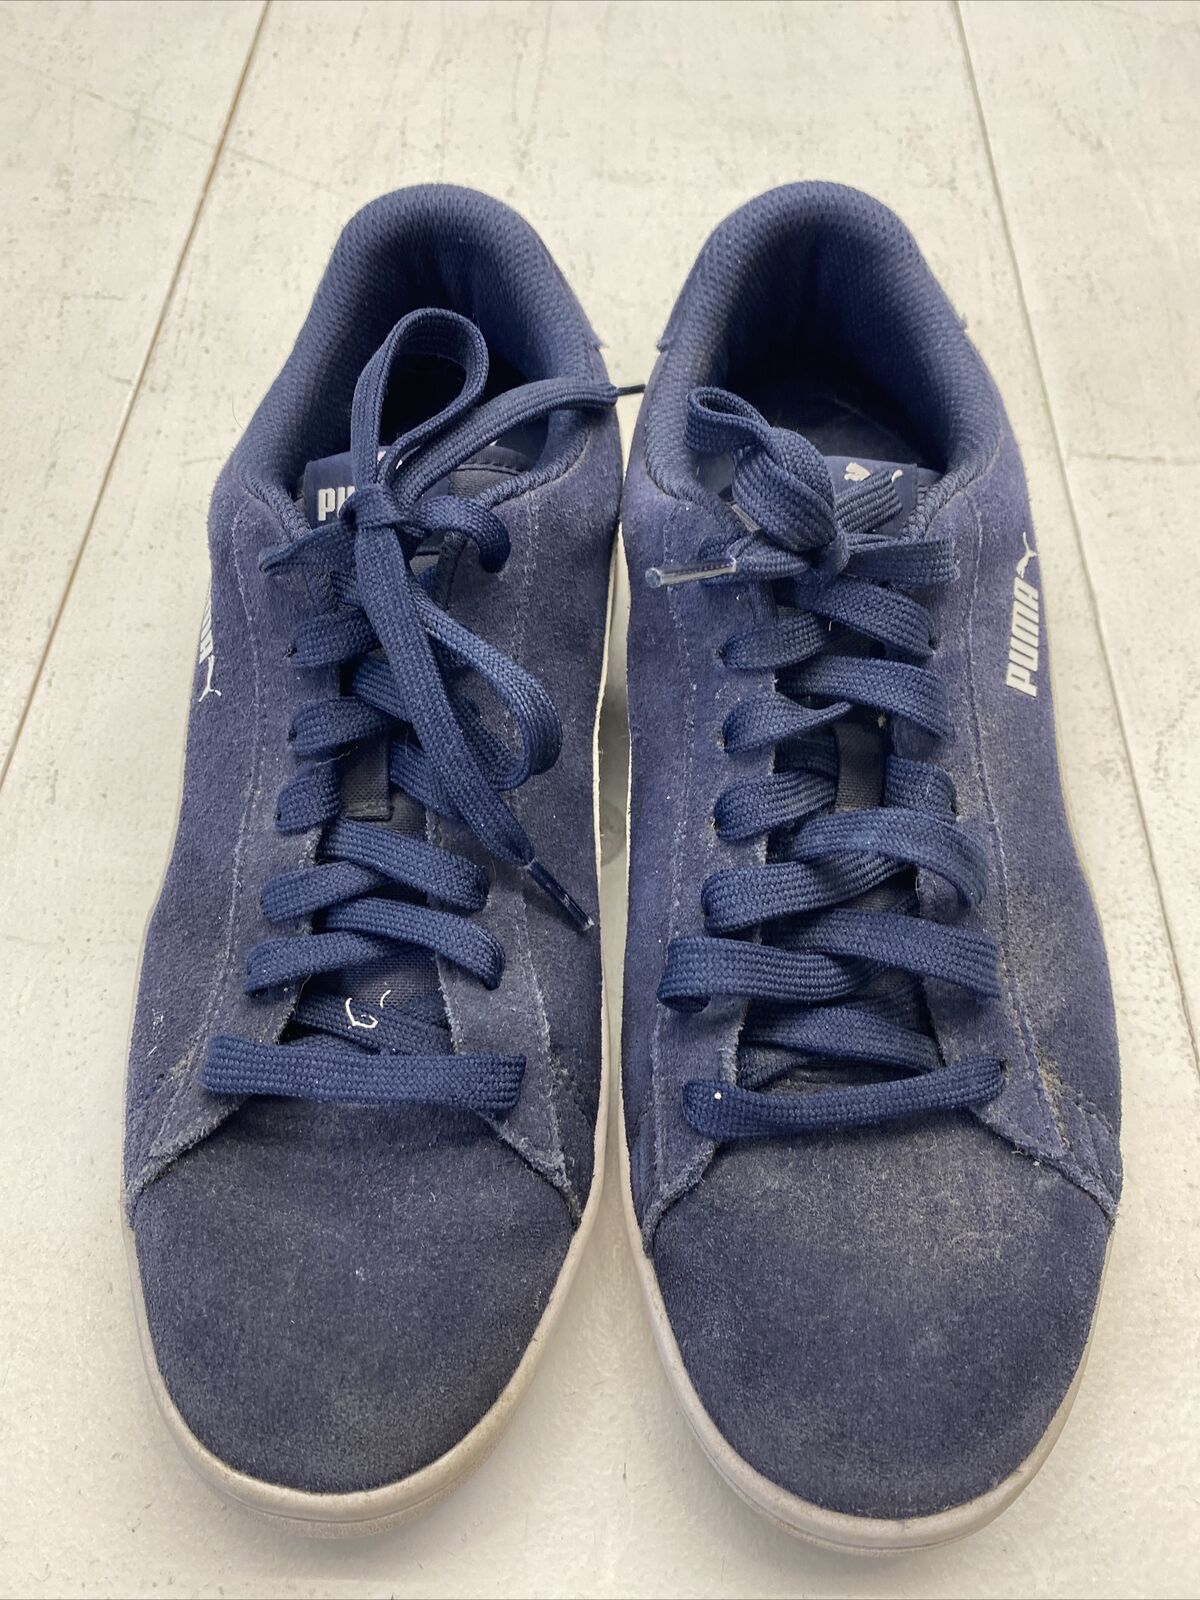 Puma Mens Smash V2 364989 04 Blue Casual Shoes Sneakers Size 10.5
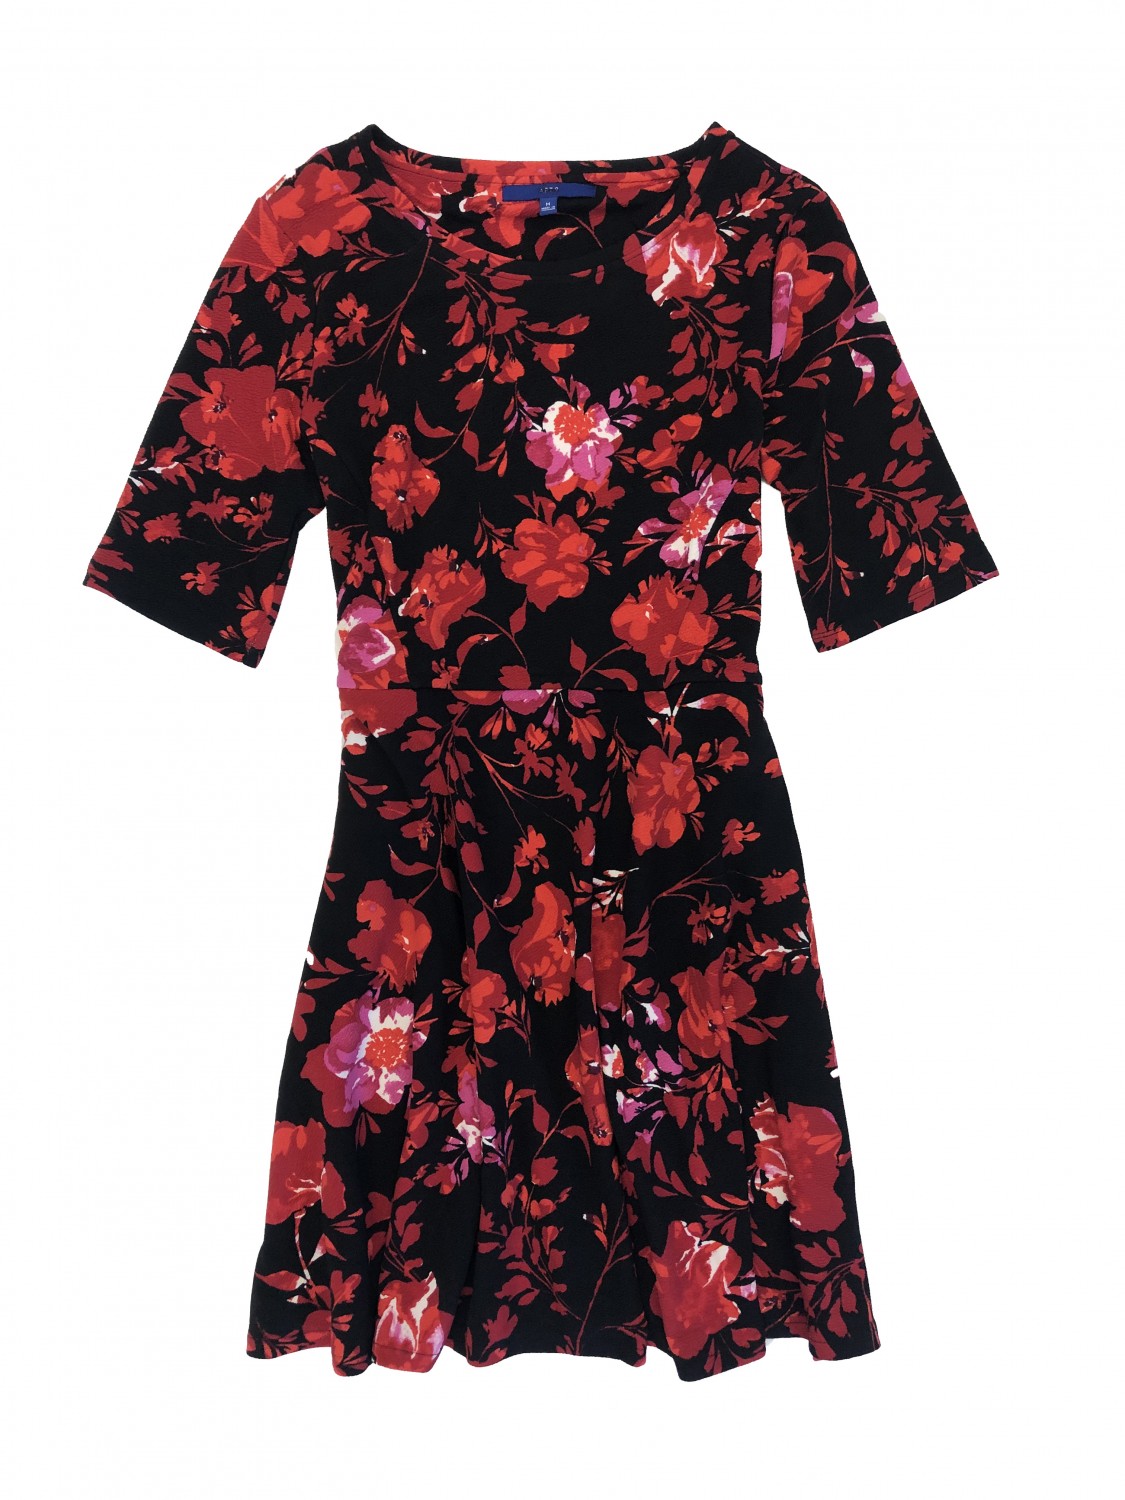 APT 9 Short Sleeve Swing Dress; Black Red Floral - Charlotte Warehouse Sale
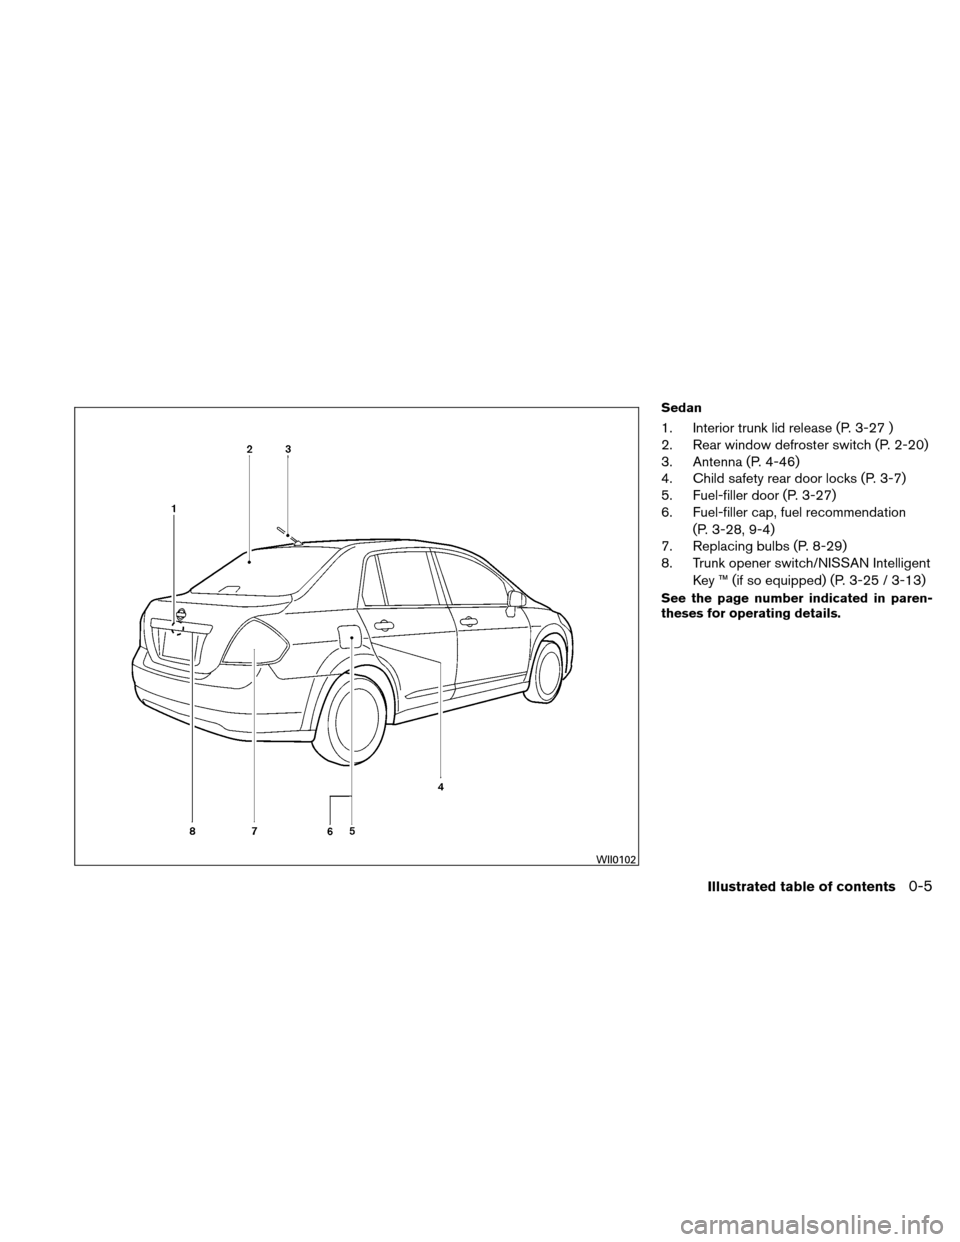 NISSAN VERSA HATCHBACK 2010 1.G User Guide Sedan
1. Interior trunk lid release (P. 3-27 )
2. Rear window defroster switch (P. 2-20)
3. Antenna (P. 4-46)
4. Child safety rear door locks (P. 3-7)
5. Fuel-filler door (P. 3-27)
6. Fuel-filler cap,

++++++

Activity = Lines in the listing above that hold the string "Fuel" need counting. Please reply with the total only.

Response = 2